Ночь накануне коронации утекла по капле чернильной водой из небесных часов. Эрлих смотрел, как дождь гасит пламя, бушующее у горизонта — должно быть, вместо зари, украденной тучами.

Лицо его выражало удивление, но губы кривились презрительно, а полузакрытые глаза проникали в неведомое человеческой душе, раз уж не могли заглянуть в эту душу. Возможно, на его манер — это была прощальная улыбка, но что или кого он провожал, никто не смог бы проведать. Да и его самого — как живое существо, не как правителя — понять не удавалось, только придумать. Как эльфов.

Позже летни стали передавать из уст в уста, как за одну ночь грозные древние Боги стёрли нечестивый Город с лица земли, ввергли его в геену огненную. История вышла славной: герои бросали вызов судьбе, сражались и побеждали, любили и расправлялись с предателями. История, как и положено легендам Лета, обволокла соринку правды переливчатым жемчугом.
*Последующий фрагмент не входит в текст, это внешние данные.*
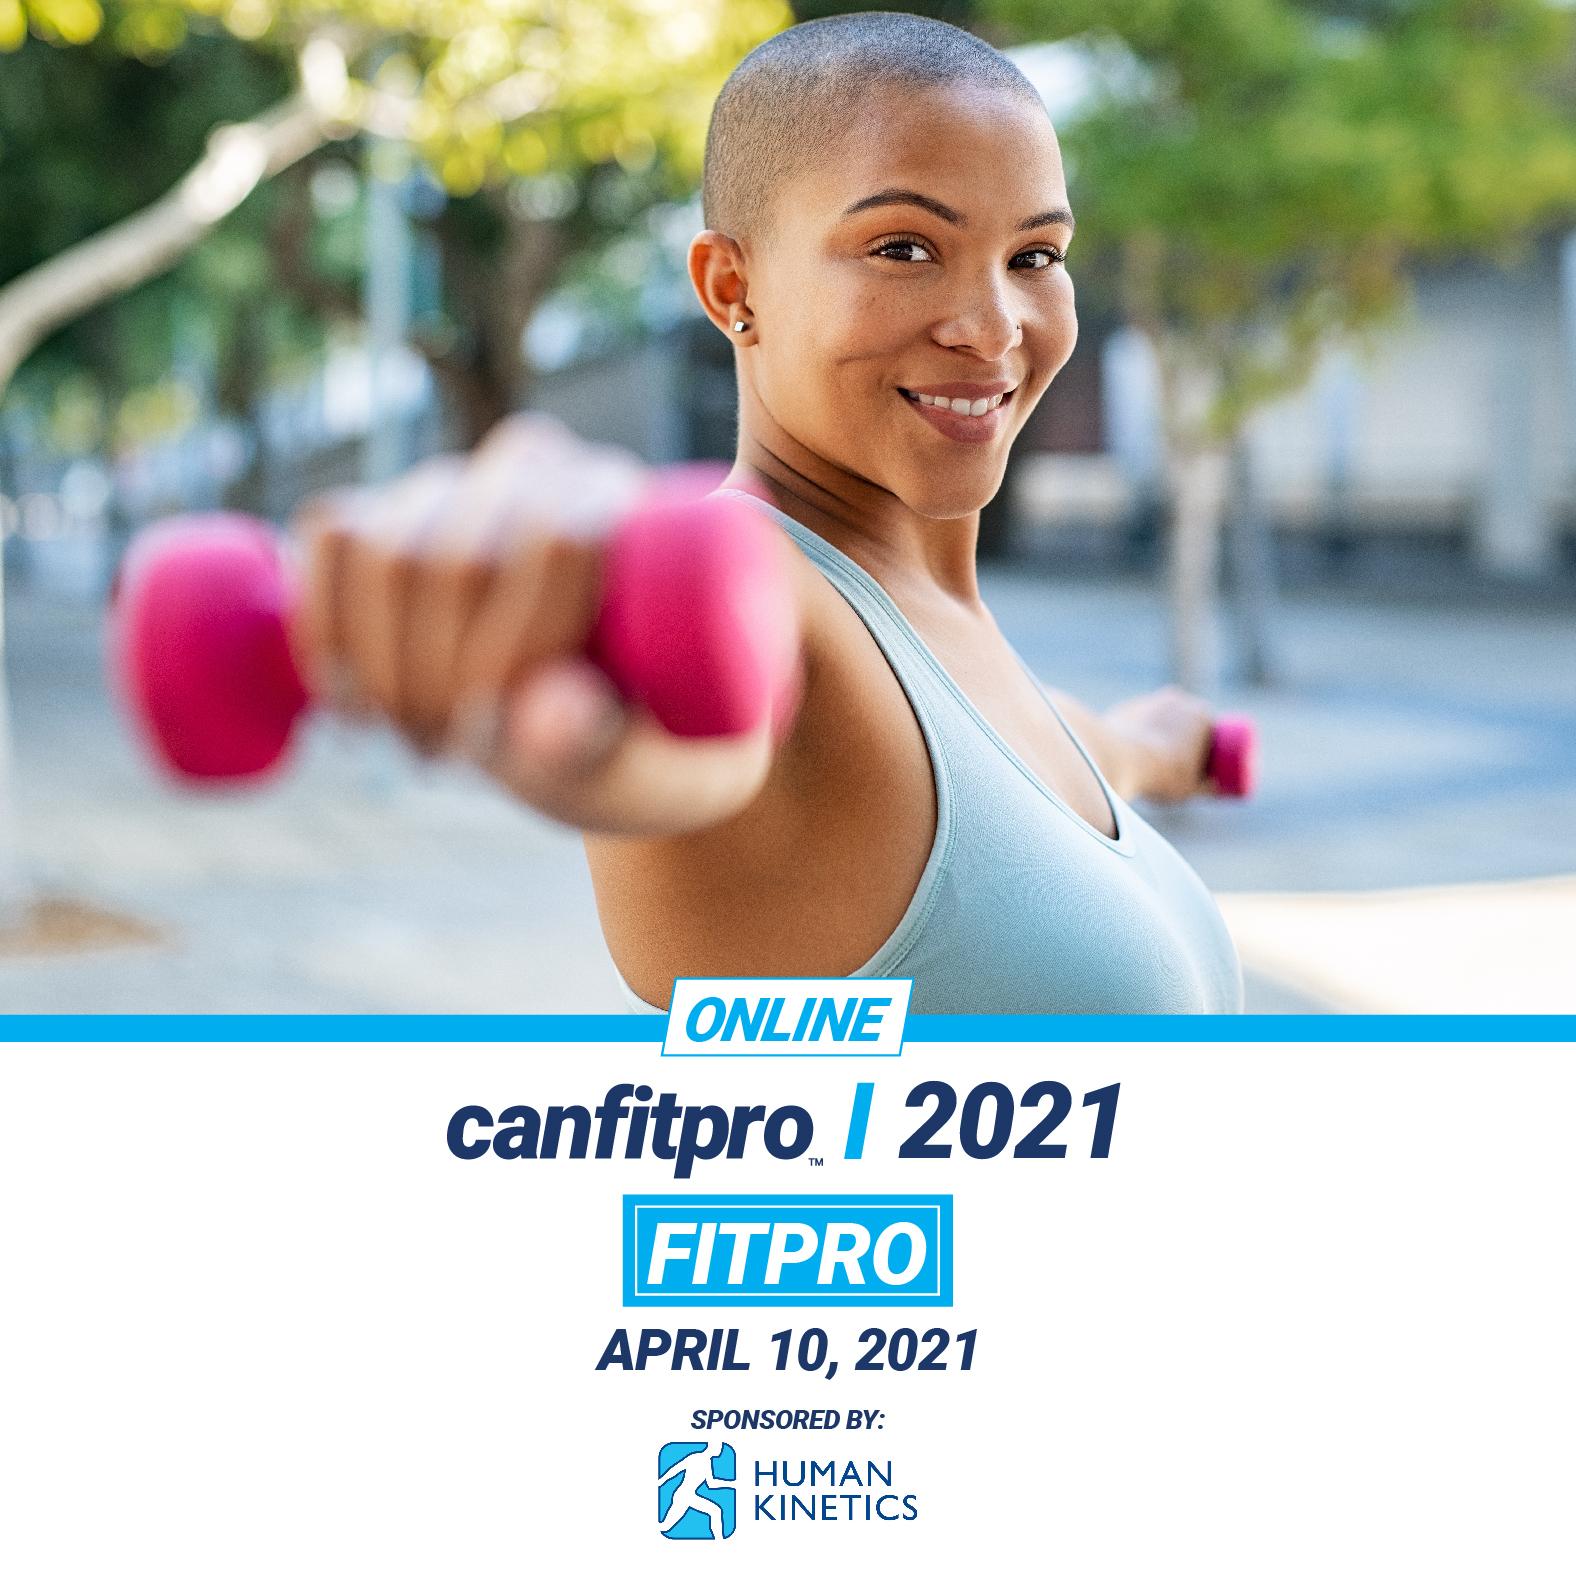 canfitpro events 2021 | FitPro

Сказители загадочно улыбались, когда нетерпеливые юнцы спрашивали их, что сталось с красавицами или правителями — на то были свои сказки. А легенду о человеке и древнем Боге, нашедших общую явь, заканчивали так.

Есть у иноземцев предание, будто люди некогда жили в довольстве тела и пустоте духовной: не было у них ни фантазии, ни разума, ни свободы. Называлось то место Раем. Людям всё дозволялось — ибо немногого они тогда желали — но только нельзя им было есть плоды с древа познания. Змий искусил женщину, та отведала запретный плод и дала его мужчине. И стали люди такими, какие они сейчас, но хозяин изгнал их из райского сада.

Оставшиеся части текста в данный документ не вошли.